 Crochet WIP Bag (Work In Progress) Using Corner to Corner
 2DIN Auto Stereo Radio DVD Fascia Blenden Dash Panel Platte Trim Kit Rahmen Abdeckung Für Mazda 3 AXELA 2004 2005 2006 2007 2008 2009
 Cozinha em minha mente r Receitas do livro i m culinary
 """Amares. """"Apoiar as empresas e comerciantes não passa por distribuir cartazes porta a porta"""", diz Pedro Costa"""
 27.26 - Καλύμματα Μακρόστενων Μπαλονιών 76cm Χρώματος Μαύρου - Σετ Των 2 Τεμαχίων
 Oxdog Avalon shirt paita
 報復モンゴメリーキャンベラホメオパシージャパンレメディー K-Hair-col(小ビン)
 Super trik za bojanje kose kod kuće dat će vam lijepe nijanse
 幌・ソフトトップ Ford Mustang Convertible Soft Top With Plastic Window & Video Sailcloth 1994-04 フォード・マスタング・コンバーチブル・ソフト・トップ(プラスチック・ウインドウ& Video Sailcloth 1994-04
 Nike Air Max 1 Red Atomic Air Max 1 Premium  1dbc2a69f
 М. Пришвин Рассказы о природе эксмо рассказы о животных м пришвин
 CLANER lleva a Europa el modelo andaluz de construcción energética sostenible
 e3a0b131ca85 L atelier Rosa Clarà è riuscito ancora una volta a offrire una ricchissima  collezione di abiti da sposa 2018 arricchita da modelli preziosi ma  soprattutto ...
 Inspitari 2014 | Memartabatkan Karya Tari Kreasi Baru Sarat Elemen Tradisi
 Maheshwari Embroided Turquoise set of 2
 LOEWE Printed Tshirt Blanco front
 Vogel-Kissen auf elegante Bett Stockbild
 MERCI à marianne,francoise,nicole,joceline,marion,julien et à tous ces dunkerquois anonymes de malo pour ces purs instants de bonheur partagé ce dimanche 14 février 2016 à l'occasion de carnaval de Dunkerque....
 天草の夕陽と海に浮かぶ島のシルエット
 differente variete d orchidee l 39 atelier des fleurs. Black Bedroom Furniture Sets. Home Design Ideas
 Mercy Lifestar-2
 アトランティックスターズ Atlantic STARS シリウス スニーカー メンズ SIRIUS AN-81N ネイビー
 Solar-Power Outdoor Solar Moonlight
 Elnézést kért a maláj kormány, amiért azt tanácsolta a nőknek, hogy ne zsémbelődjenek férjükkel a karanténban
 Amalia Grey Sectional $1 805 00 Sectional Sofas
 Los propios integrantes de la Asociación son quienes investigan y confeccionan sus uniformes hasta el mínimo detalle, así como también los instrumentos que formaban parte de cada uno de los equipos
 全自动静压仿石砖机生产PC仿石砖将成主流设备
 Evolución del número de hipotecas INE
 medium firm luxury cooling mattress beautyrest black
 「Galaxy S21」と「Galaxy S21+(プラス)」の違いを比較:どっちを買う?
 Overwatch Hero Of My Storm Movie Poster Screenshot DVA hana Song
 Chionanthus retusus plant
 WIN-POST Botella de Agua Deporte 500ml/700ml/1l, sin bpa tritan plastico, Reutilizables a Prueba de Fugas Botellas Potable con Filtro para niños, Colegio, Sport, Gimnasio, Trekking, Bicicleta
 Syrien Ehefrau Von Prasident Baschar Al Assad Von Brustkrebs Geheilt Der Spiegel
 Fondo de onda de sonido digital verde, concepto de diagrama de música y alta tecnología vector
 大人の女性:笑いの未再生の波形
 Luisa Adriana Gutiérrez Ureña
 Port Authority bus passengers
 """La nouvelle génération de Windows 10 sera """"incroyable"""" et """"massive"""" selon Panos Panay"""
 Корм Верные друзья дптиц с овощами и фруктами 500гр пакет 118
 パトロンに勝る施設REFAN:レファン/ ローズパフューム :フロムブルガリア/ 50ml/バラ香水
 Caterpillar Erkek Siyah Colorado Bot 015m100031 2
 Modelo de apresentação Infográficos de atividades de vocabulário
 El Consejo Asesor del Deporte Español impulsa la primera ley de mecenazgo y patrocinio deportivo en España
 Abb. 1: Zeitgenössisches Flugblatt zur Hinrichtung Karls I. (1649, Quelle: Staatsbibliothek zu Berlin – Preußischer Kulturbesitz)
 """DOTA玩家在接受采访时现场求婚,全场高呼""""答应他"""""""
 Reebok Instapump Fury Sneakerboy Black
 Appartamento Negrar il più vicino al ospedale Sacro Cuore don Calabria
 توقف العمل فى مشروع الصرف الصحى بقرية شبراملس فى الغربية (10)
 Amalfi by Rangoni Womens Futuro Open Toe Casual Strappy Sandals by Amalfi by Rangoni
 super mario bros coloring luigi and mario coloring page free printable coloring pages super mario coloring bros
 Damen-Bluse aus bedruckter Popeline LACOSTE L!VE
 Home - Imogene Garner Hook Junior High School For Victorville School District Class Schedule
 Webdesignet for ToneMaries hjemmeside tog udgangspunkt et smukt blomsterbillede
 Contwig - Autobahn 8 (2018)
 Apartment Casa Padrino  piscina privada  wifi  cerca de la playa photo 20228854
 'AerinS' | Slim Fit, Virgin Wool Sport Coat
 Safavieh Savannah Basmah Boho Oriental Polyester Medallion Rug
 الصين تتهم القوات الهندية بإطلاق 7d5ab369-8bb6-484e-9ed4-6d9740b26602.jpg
-*-*-
WHAT THE TASK ASKS: Beginning with the line that holds "Safavieh Savannah Basmah" and ending with the last line of the material, retype each line exactly and output nothing else.

ANSWER TO THIS PROBLEM:
 Safavieh Savannah Basmah Boho Oriental Polyester Medallion Rug
 الصين تتهم القوات الهندية بإطلاق 7d5ab369-8bb6-484e-9ed4-6d9740b26602.jpg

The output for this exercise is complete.